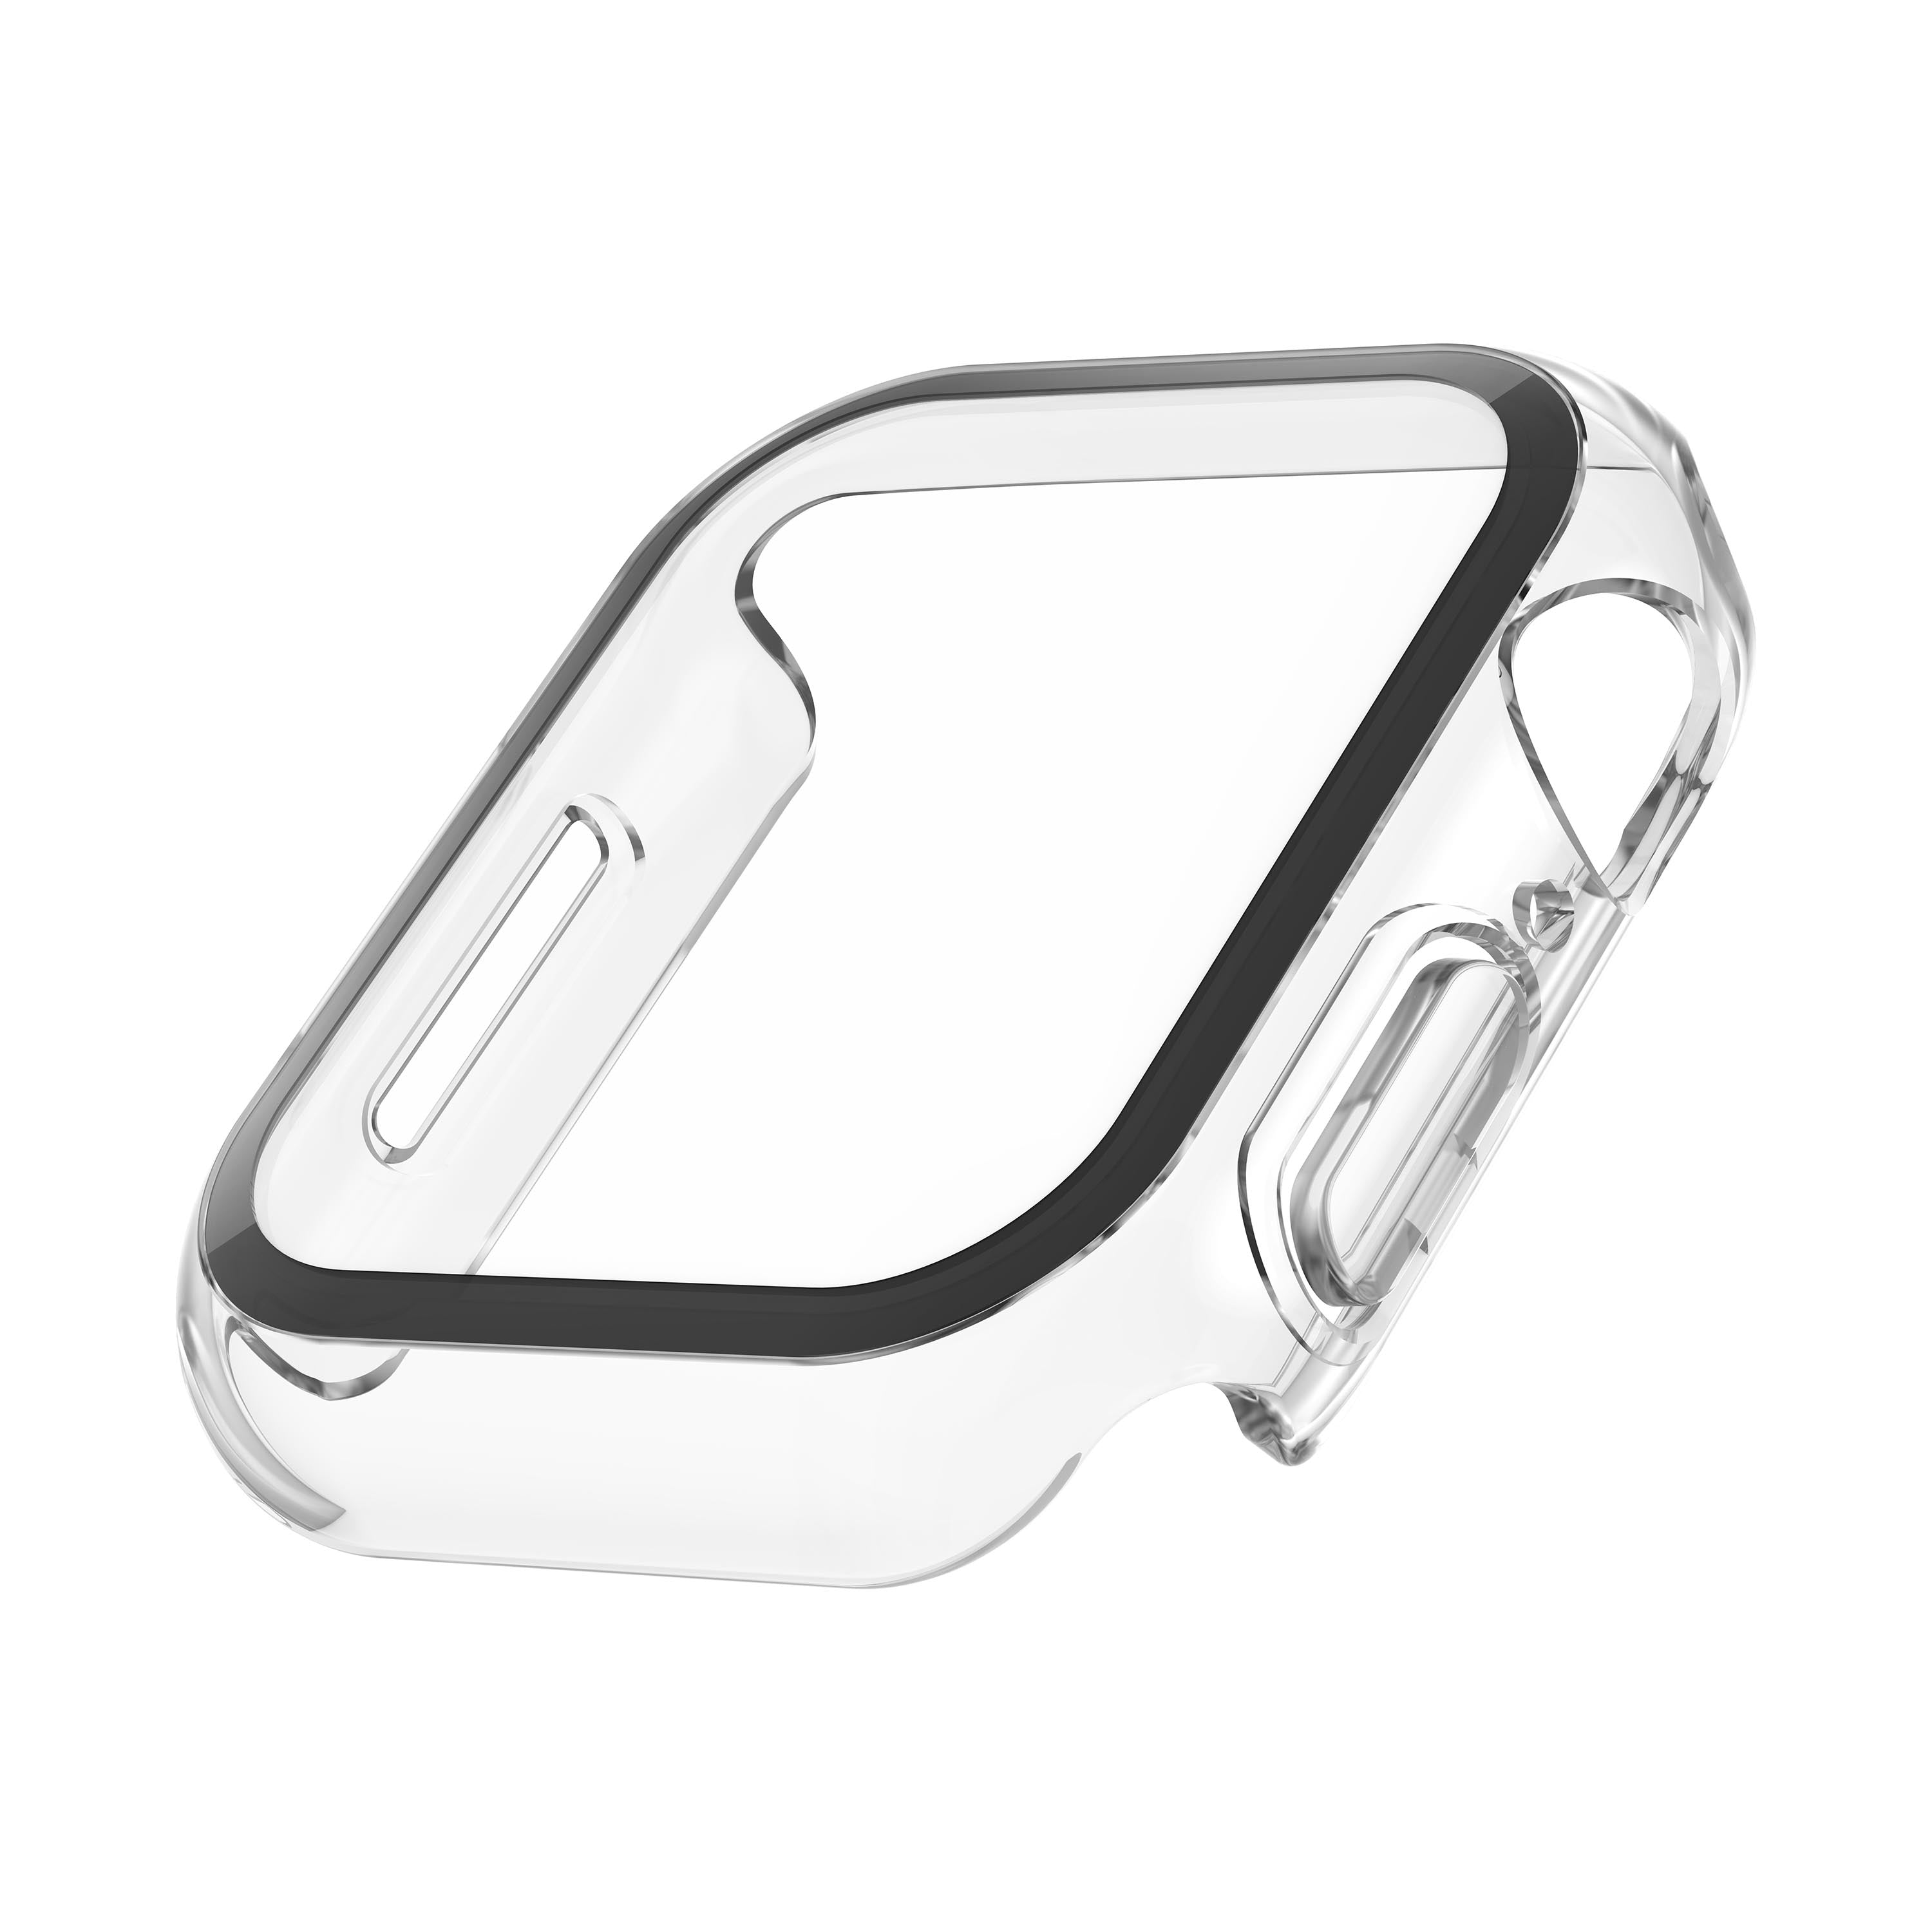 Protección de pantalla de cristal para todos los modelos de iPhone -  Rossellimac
::::::::
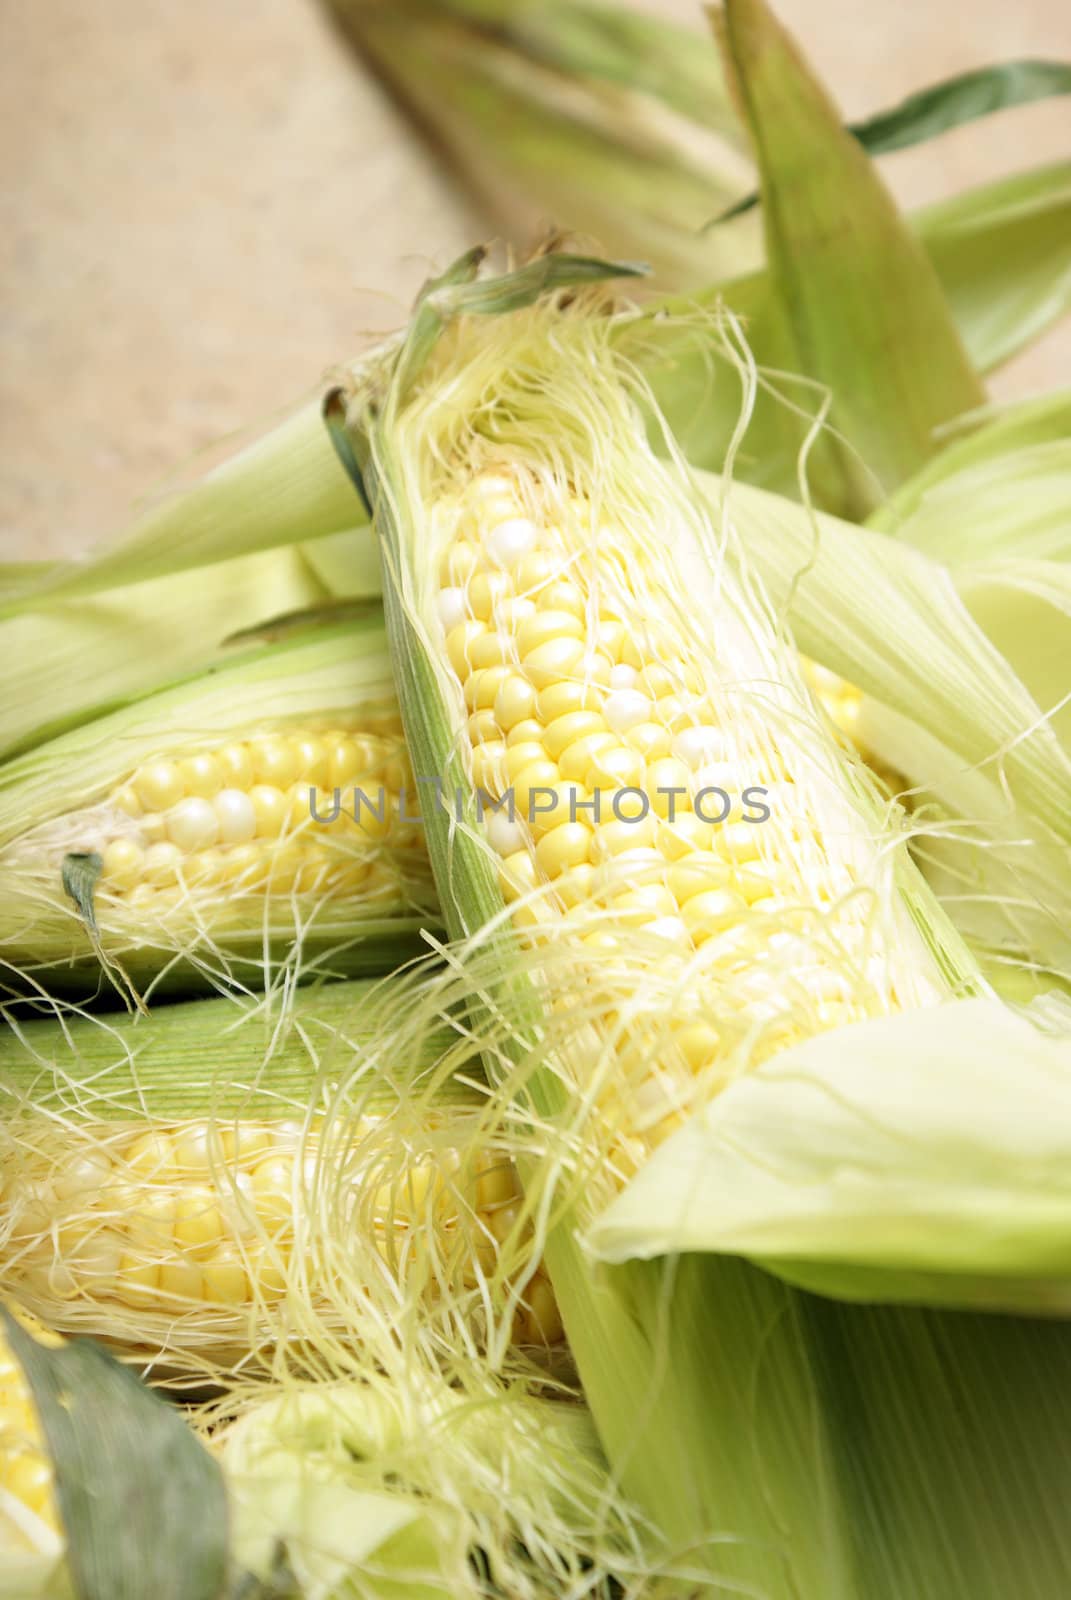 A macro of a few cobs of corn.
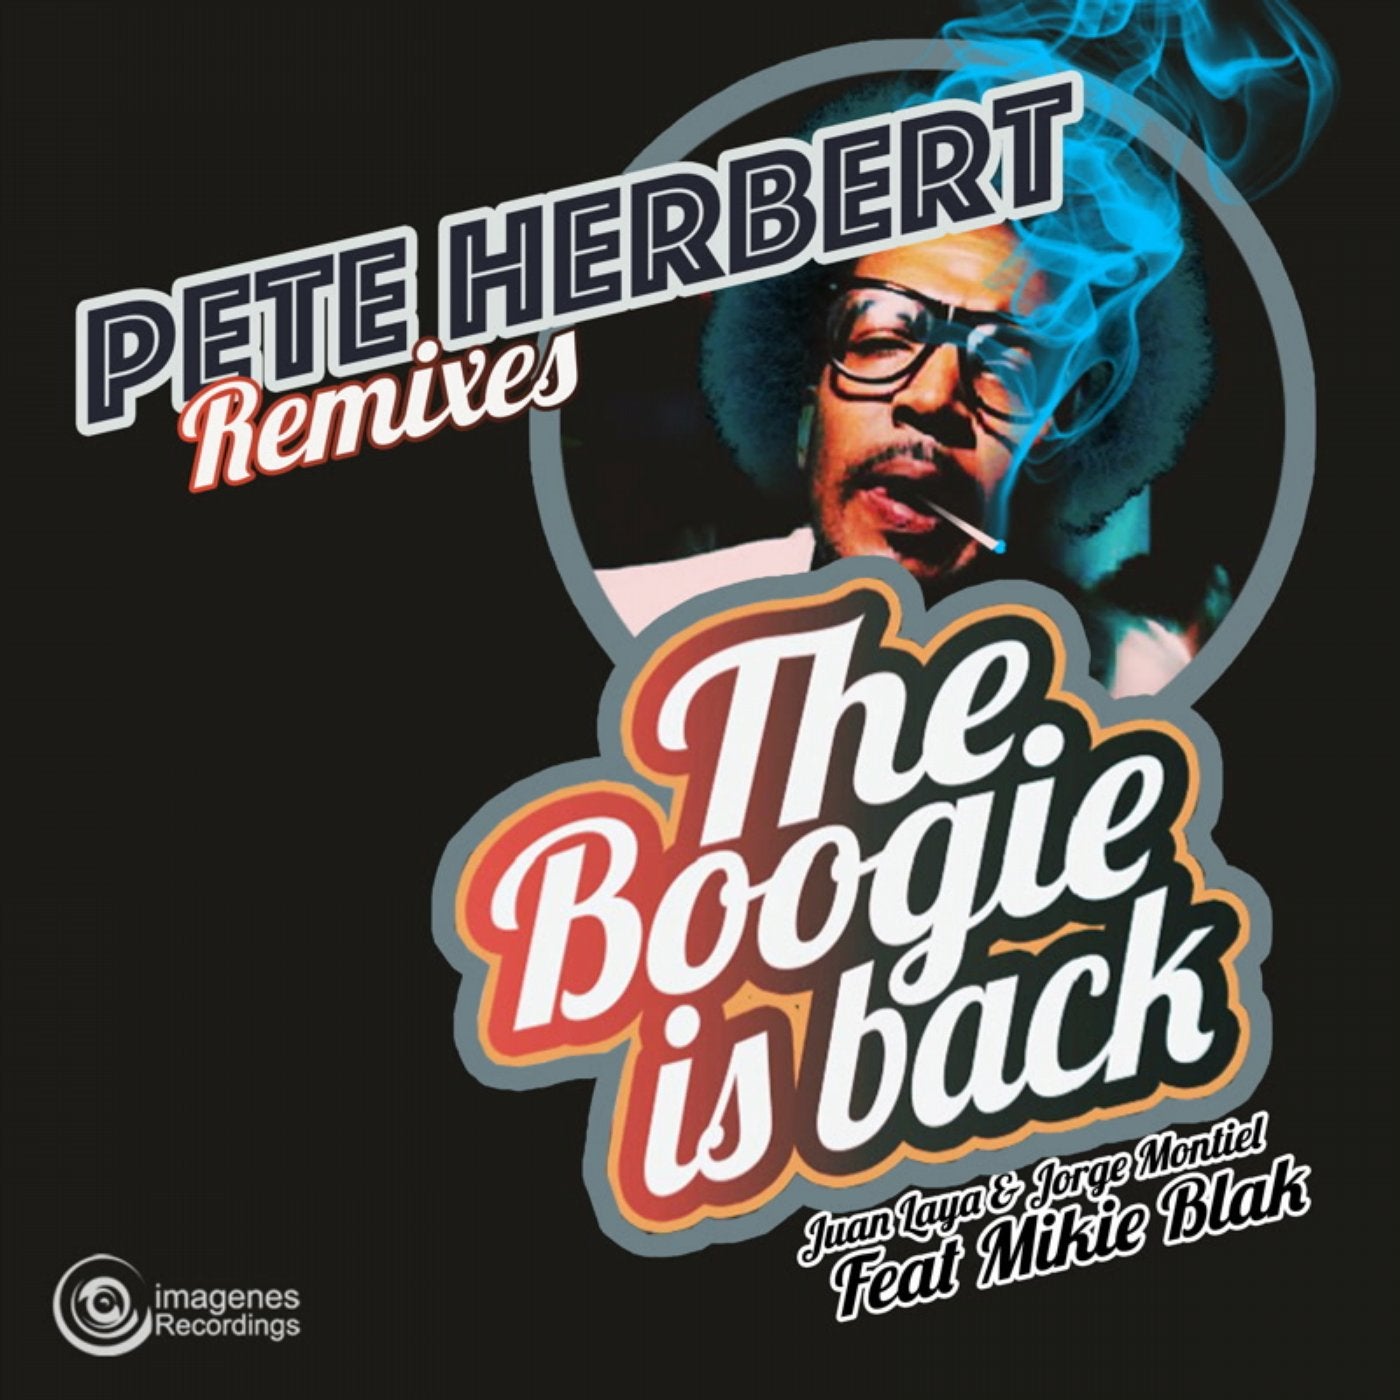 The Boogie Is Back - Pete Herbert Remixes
::::::::
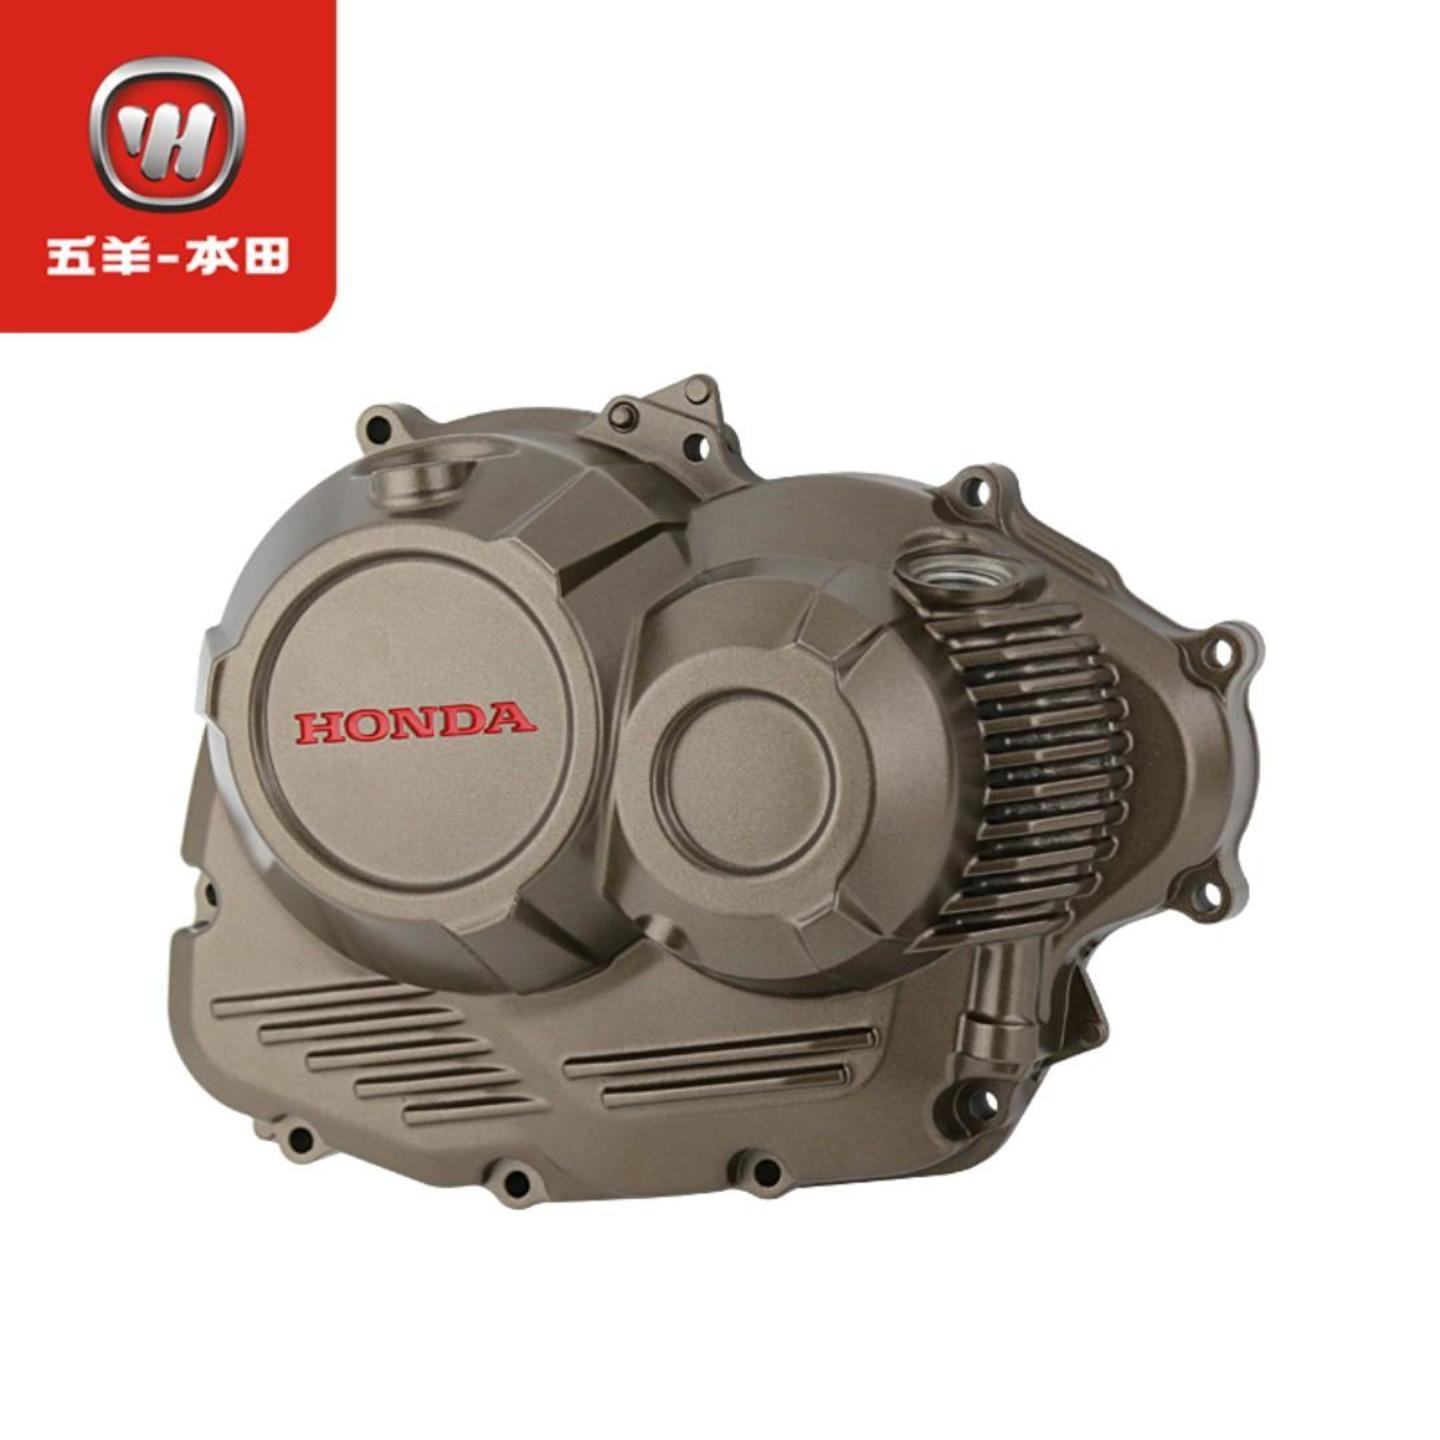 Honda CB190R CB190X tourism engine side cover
::::::::
**TASK BRIEF**:
Your reply should consist solely of the lines above from the line containing "A macro of a few cobs of corn." up to and including the line containing "The Boogie Is Back - Pete Herbert Remixes", reproduced exactly, minus the pictures.

**WRITTEN SOLUTION**:
 A macro of a few cobs of corn.
 The Boogie Is Back - Pete Herbert Remixes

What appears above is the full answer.